As the spouse of a now-retired research scientist (cancer genetics) I've had a ring-side seat to the whole "peer-review" process for the past 45 years. It's definitely not as "scientific" as one would hope.
You might find this article interesting:
Peer Review is Not Scientific. Although written by someone in the social sciences, I can tell you that much of what he says about the peer-review process in his field holds equally true in the so-called hard-sciences.
Although he doesn't come right out and say it, I think the article's author thinks that paying scientists to do peer review would solve the problems and I don't think that is necessarily the best approach. A better one, IMHO, would be to reveal the names of the scientists who reviewed papers that get accepted for publication... and then make their "reviews" available to anyone interested in seeing them. And, also allow/encourage those who do such reviews to add the work to their CVs so it counts as professional work. And, if a paper is rejected for publication, let the scientists who wrote the paper know who the scientists are who reviewed it.
In addition to the issues raised in the article linked above, papers authored (or co-authored) by someone with name-recognition in the field are MUCH more likely to be accepted for publication that papers submitted by an unknown. Young scientists are so aware of this so well that they fall all over themselves to invite "name" scientists to "collaborate" with them on a projects just so they can add that person as a co-author. The name scientist may do little more than offer a single suggestion and (possibly) read over the finished paper before it is published!
And, well known well-respected researchers who are asked by journals to perform peer-review will often accept the assignments and then pass them along to the underlings in their laboratory to do the actual reviews. The top dog may or may not even look over the review his/her underling has prepared before it gets sent back to the journal. The journal editors may THINK the well-known researcher did the review...which, of course, means that the next time the researcher submits a paper to that journal for consideration, he'll be given a certain amount of "priority" because they have an established relationship with him.

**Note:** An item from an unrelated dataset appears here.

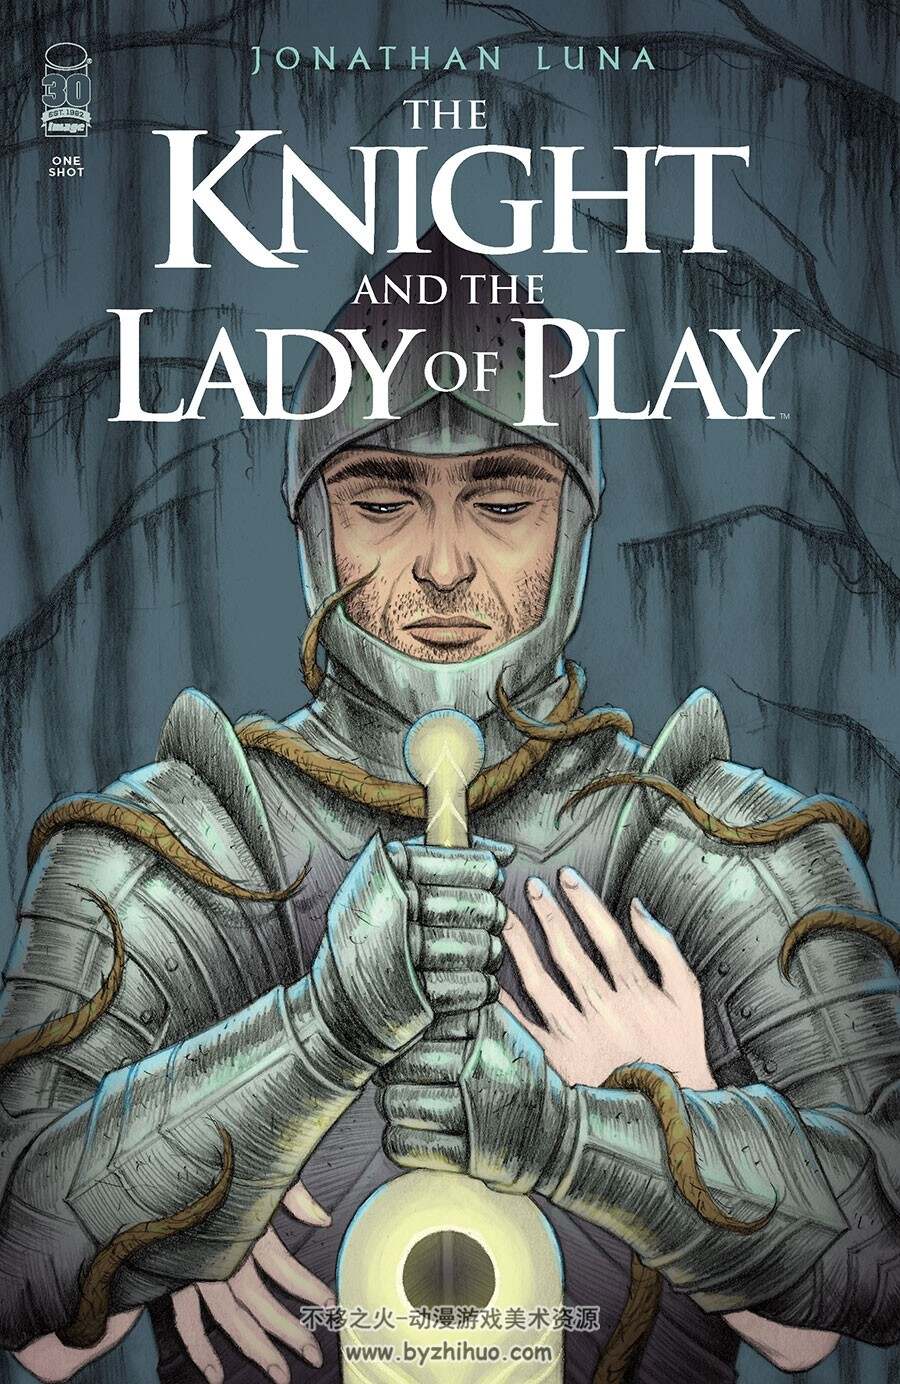 The Knight and the Lady of Play 漫画 百度网盘下载

And of course there is always the problem that yet another paper that reinforces accepted dogma and (maybe) just barely pushes the envelope a tiny bit is much more likely to be understood by even the best-intentioned reviewer than an equally well-researched and well-written article that comes to a conclusion that flies in the face of dogma.
Also, people peer-reviewing a submitted paper DO NOT attempt to replicate the bench-work described in the papers they're reviewing and nobody expects them to. So when you write that "when published in a peer-reviewed journal, the scientist is asking other scientists to review it, test it for themselves..." I hope you're not under the impression that experiments and results described in a peer-reviewed journal have somehow been "replicated" by other scientists in other labs before the work is published. It doesn't happen that way! At most, all that peer-review means is that some other scientists have read the work and it passed their personal "smell tests"... which of course also means that it is UNLIKELY to have taken a stance too far removed from what those other scientists already believed to be true.

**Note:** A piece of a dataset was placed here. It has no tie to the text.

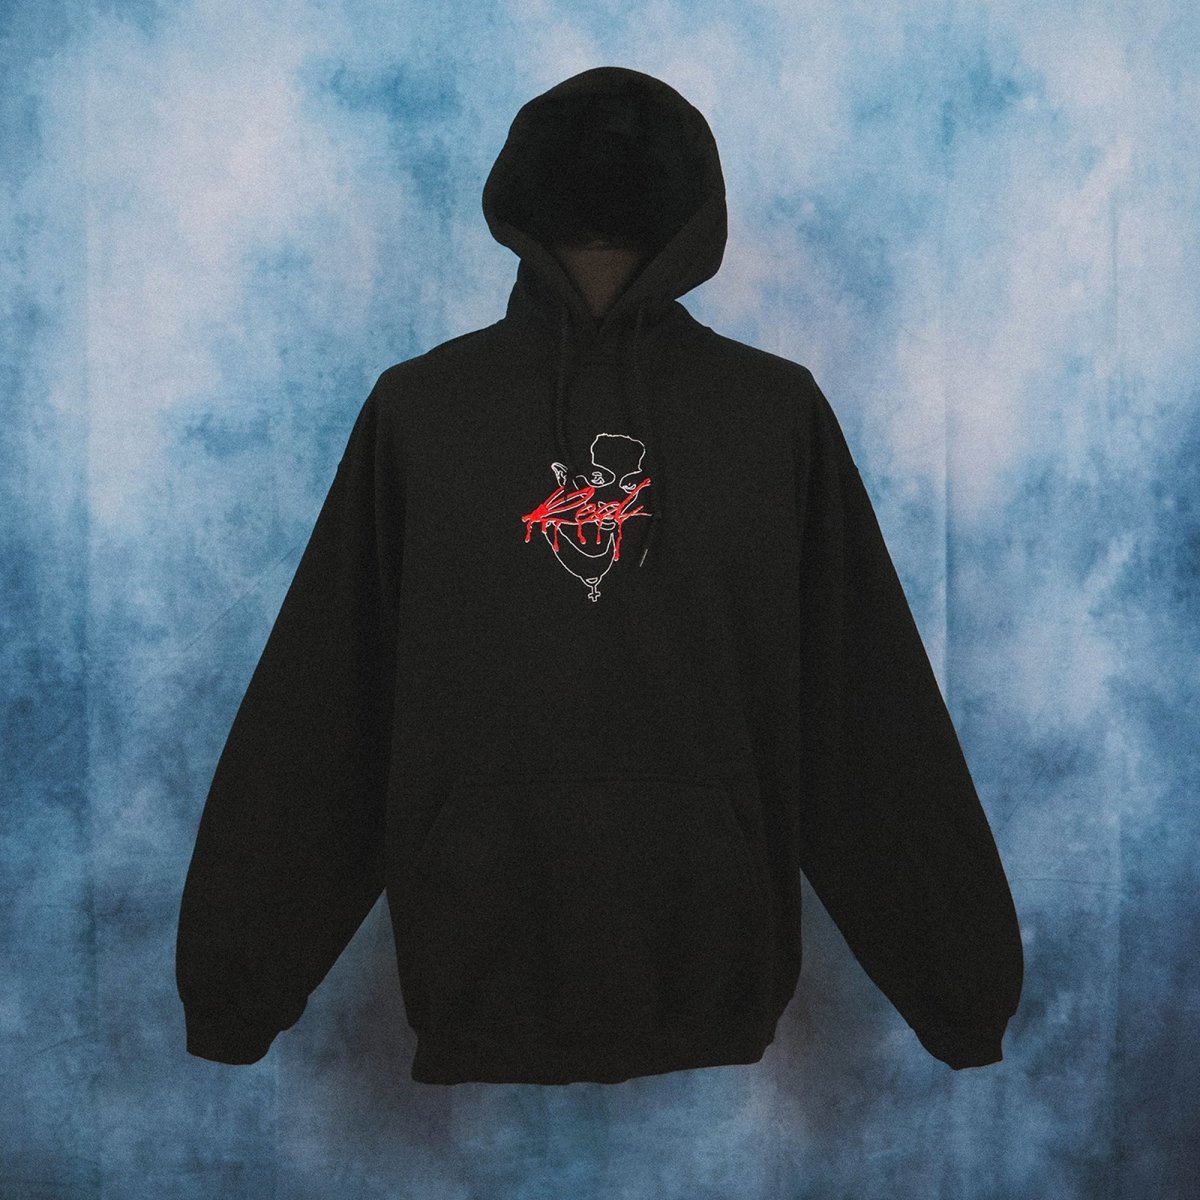 Playboi Carti - Whole Lotta Red Outline Unisex Embroidered Hoodie

And, in this day and age of scrambling for research dollars, NOBODY has the time or money to merely duplicate someone else's published work to figure out if they get the same results. Everybody is trying to push the envelope and do something new because that's the only way to get research grants. So, at best, they'll take published results and try to replicate them only to the extent necessary to then add on some other step that goes just a little bit further. And, when a second scientist cannot replicate something that has been published in a respected peer-reviewed journal, he is usually told "you must be doing something wrong." Nobody ever wants to believe that maybe the published work was wrong in the first place!